[RECORD SET]
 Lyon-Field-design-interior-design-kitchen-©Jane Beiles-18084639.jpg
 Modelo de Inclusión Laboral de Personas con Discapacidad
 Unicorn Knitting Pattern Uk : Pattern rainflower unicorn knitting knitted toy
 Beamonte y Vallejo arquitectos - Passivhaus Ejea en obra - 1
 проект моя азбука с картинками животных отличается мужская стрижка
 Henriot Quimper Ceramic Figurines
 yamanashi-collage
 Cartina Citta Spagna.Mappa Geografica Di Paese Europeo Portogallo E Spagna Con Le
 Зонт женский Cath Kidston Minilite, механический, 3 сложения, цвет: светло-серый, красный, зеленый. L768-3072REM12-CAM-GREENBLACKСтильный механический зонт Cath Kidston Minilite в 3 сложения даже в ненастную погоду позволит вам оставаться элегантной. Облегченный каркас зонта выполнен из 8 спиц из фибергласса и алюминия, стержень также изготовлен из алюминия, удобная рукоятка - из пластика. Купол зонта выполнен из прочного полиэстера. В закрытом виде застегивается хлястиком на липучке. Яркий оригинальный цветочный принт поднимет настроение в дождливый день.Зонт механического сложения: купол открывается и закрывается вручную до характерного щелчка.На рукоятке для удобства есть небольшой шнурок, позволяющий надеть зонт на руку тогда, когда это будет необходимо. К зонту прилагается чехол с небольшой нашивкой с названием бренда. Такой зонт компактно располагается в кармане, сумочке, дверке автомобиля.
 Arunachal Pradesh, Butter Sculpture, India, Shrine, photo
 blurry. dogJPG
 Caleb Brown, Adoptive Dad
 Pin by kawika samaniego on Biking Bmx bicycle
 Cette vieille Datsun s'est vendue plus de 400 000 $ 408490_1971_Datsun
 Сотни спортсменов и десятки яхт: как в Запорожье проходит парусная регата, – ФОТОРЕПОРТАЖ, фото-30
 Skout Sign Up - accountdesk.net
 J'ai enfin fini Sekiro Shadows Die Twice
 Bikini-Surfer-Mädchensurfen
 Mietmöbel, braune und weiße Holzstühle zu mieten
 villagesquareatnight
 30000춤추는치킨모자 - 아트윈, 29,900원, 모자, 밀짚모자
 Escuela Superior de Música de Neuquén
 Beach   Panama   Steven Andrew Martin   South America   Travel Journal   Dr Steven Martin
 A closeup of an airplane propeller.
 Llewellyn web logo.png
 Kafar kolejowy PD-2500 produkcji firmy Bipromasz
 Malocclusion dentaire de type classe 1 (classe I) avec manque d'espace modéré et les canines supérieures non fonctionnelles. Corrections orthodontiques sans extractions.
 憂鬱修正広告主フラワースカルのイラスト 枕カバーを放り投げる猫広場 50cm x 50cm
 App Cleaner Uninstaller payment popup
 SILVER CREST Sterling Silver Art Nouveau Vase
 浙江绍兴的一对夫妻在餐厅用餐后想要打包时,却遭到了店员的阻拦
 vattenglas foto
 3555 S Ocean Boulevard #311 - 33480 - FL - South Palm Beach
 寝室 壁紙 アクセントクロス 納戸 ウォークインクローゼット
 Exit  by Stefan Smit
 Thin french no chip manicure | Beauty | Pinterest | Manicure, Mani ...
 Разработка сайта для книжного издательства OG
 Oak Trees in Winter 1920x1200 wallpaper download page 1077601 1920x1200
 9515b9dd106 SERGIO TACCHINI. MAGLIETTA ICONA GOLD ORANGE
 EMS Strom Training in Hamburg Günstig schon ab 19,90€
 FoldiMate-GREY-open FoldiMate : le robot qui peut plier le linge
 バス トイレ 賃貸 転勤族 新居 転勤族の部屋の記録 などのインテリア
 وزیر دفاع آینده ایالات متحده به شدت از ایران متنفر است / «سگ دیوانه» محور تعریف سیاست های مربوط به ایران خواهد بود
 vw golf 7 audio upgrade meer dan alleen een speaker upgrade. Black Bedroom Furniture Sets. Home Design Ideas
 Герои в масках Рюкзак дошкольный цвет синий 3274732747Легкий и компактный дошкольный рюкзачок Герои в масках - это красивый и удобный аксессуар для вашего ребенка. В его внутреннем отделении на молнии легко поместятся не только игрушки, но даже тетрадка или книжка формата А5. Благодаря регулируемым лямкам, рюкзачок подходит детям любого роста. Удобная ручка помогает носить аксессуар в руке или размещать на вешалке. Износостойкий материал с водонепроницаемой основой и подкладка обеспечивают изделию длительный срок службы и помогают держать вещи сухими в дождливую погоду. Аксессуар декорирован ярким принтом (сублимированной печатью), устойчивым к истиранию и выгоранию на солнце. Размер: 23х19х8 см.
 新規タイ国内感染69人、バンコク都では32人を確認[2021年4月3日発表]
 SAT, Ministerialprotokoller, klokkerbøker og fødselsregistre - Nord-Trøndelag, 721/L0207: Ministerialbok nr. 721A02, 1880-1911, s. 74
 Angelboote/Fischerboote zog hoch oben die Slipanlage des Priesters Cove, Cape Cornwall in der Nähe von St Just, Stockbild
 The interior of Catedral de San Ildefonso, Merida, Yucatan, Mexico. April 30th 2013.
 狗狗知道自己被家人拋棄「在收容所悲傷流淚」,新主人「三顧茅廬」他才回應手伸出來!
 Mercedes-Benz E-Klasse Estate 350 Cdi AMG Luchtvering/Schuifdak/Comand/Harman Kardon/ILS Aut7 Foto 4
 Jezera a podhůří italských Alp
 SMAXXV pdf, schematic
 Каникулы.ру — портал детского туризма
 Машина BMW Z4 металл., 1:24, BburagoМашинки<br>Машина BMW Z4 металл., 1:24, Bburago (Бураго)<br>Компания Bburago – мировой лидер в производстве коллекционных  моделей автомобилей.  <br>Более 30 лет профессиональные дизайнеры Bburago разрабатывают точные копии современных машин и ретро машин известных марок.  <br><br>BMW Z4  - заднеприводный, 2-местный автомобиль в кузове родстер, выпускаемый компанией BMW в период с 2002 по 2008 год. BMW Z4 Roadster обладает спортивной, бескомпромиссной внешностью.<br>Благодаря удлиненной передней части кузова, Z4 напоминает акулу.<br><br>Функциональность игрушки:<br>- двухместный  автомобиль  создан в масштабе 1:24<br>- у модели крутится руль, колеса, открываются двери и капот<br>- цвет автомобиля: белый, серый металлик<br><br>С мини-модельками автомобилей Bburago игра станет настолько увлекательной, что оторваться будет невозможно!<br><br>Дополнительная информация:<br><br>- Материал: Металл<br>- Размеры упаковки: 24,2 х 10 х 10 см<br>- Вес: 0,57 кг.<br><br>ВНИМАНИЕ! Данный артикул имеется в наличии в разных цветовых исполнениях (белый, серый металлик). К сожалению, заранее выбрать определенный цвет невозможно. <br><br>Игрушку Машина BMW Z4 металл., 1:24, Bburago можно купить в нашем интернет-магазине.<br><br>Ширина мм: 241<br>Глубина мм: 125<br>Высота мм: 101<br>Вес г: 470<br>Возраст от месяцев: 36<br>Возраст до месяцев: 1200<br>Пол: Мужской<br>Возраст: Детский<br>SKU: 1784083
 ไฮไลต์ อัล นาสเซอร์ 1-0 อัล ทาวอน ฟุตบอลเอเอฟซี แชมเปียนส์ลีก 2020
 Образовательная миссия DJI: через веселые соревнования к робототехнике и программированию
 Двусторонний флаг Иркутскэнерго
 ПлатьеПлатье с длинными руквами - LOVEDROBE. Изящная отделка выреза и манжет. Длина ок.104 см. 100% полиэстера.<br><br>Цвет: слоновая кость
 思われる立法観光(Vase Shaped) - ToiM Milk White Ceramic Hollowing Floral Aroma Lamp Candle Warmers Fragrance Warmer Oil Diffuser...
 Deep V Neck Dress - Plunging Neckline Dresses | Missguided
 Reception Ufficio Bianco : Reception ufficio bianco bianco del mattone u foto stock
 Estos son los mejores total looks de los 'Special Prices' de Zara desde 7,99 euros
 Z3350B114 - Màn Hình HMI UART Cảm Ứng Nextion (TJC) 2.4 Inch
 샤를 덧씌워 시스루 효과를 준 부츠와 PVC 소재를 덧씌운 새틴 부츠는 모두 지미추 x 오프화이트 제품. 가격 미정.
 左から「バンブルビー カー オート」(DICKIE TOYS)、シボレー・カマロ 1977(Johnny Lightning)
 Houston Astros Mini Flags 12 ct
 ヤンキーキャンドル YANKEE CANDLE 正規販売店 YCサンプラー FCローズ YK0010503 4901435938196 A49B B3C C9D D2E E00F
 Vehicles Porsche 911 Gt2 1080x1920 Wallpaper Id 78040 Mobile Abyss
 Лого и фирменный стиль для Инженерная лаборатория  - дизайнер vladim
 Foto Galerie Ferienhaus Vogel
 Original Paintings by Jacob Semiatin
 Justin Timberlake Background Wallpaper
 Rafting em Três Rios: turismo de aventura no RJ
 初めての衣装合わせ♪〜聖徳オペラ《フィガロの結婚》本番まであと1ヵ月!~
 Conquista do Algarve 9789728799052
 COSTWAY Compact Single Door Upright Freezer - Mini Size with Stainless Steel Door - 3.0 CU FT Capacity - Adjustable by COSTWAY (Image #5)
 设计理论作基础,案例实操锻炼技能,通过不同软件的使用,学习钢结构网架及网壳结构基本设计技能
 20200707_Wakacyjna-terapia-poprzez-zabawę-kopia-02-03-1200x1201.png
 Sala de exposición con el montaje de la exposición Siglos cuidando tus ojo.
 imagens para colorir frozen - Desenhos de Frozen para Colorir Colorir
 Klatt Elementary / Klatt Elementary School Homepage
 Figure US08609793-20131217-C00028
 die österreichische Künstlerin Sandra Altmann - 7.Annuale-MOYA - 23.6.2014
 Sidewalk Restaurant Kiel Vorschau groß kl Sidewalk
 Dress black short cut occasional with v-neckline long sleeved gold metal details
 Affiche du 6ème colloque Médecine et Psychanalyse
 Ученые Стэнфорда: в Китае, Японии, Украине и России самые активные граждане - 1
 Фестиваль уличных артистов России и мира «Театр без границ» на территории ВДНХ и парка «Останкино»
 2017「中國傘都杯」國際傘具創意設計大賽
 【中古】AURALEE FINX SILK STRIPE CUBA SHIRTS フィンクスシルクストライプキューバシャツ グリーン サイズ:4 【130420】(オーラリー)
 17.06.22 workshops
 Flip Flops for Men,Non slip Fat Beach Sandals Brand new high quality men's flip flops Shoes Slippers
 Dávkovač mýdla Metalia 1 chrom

[ASSIGNMENT] Output, from the data above, the lines from the line with "J'ai enfin fini Sekiro Shadows Die Twice" to the line with "Escuela Superior de Música de Neuquén" exactly as they stand, both ends included and nothing else.

[RESULT BELOW]
 J'ai enfin fini Sekiro Shadows Die Twice
 Bikini-Surfer-Mädchensurfen
 Mietmöbel, braune und weiße Holzstühle zu mieten
 villagesquareatnight
 30000춤추는치킨모자 - 아트윈, 29,900원, 모자, 밀짚모자
 Escuela Superior de Música de Neuquén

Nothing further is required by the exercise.